We Americans did a good deal of weeping on and
following 9/11. Yet, in this day of great anxiety over the evil
terrorists that seek to destroy our nation, there is a wonderful
resurgence of patriotism. We see the flags displayed from cars to
businesses, from homes to freeway billboards. We feel swelling within
us a spirit of camaraderie and love for homeland whenever we hear
our National Anthem played. We are ready to lock and load, to take
out the bad guys wherever they exist, and to staunchly defend our
continent. That is well and good, but, while we are swimming in
“love of country,” let’s not forget a few facts.
To denounce certain practices will not make us popular. The airing
of these issues may cost us to be misunderstood and even hated.
We might, although deeply committed to our Constitution and freedom,
be wrongly labeled as “traitors” or “un-American.”
We could even face some type of persecution. But we must speak the
Word of the Lord.
And that Word revealed in Psalm 9:17 basically
is this, “The nation that forgets God will be turned into
hell.” You say, we have not forgotten God, look at all the
signs invoking His blessing. Really, God bless the U.S.A., in what?
Bless us in our aborting over a million babies a year? Bless us
in our manufacturing of enough hard core pornography to become the
porn capital of the World? Bless us in our greed and materialism
that helped create a climate for debacles such as Enron? Bless us
in our drug and alcohol addiction? Alcohol addiction so pronounced
that a recent national study states that one third of all high school
students in America binge drink (drink themselves senseless) at
least once a month. Bless us in our turning from the One true God,
the God who never changes, to embracing a god as shapeless and moldable
as Play-Doh, becoming whatever anyone wants at any time? Bless our
rejection of the Bible as the Word of God and bless our attempts
at pluralism at any cost? Bless our endless promotion of wickedness
through Hollywood and the media and grace our same sex unions with
greater acceptability? I haven’t even begun to scratch the
surface of the sins of America. Need I continue?

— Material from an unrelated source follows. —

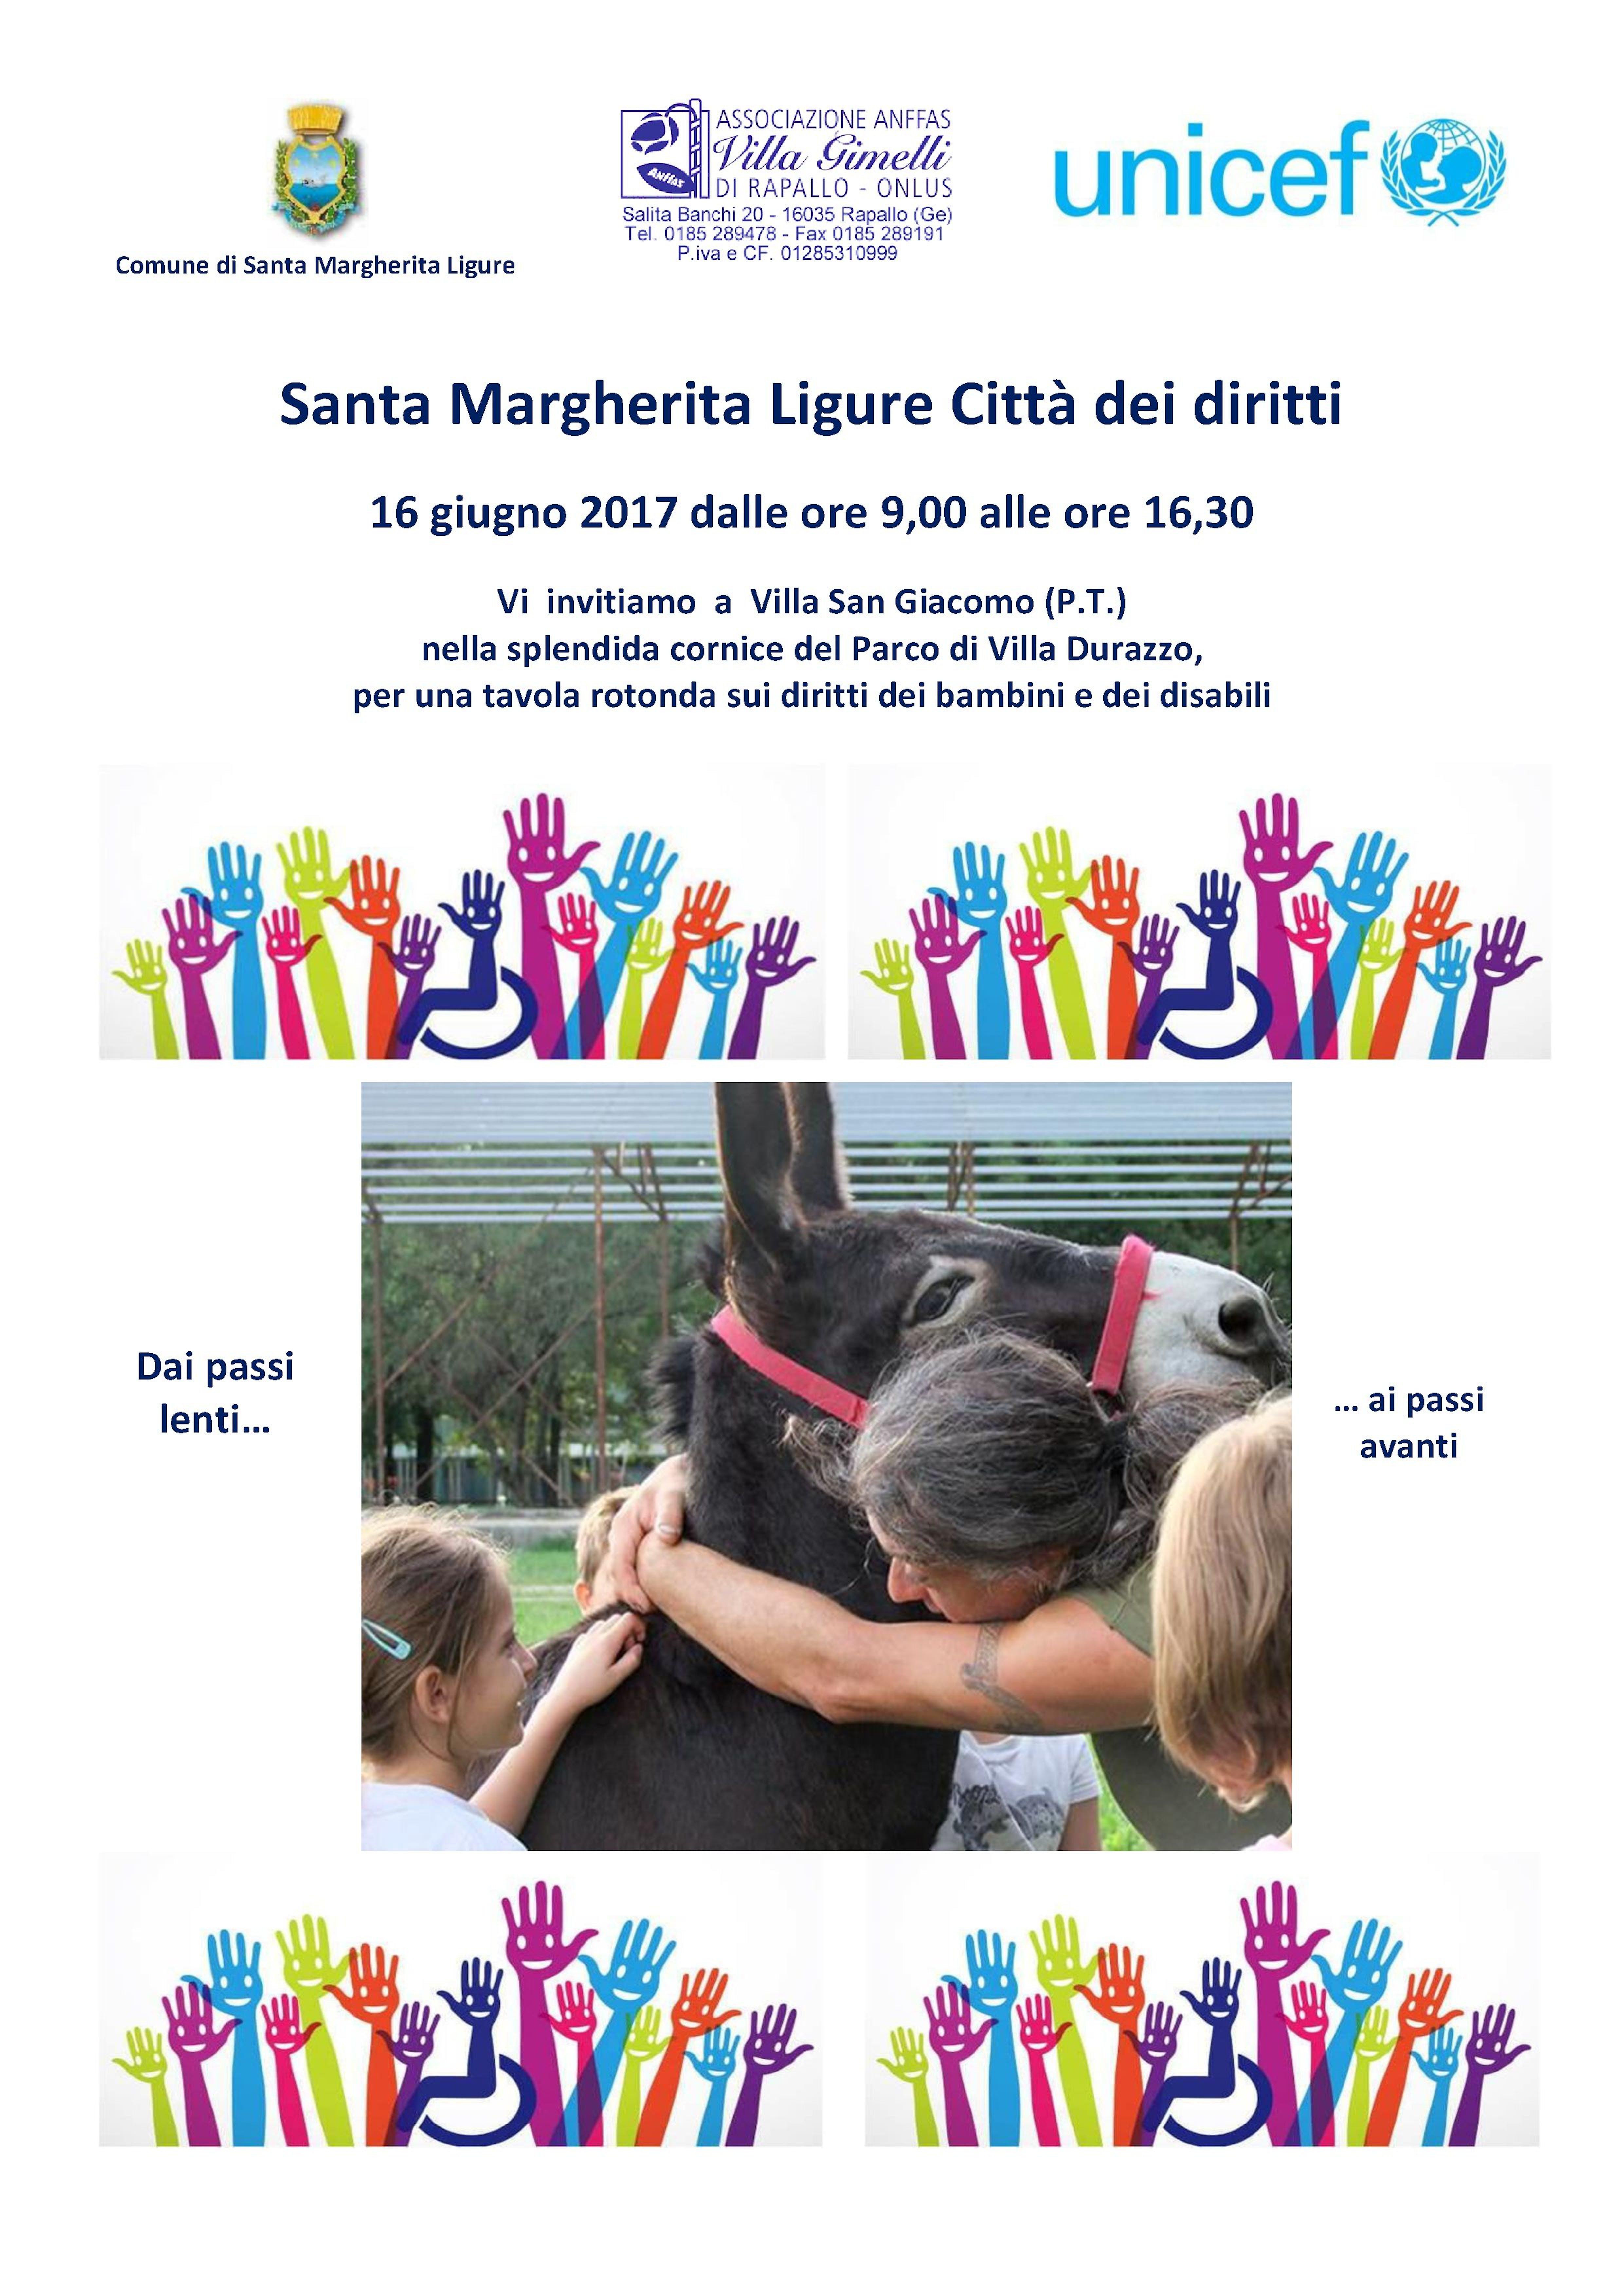 Santa Margherita Ligure, città dei diritti

Our signs should say things like, “God
forgive America,” or “God have pity on America.”
Our desire to have God “bless” America reveals the hidden
wickedness of our heart. We should be in contrition, invoking God
to spare America, but we are so selfish we only want to be blessed.
So did the nation of Israel when Jeremiah came on the scene. But
God blesses those who have hearts after Him, and He had to bring
Israel to that place once again. The trauma of invasion and the
horrors of war, the shame of defeat and occupation coupled with
the sorrow of displacement. Add to this the loneliness and homesickness
of living in a foreign country, the loss of freedom and national
identity and the degradation of slavery; united together would bring
the nation to a place of humility and repentance. Jeremiah watched
it happen. Jeremiah felt it happen. Jeremiah languished in sorrow
for his people.
But Jeremiah never candy coated or held back
the Word, anymore than he held back the tears.
The truth is that we love our country, and believe
it to be still the greatest nation in the world, and of course we
should be defending its shores, and good values. Yet, we must warn
our people that a day of reckoning is coming for any nation that
began with such rich Judeo/Christian values, and has lost its mooring
and is adrift upon the sea of relativism. America, for the most
part, has forgotten its heritage. We have forgotten the One true
God, and have also forgotten that God is not to be toyed with. Are
we in the plucking up and breaking down, or the beginning of calamities?
I certainly do not know, but unless we repent nationally, there
may be many more days of weeping ahead of us.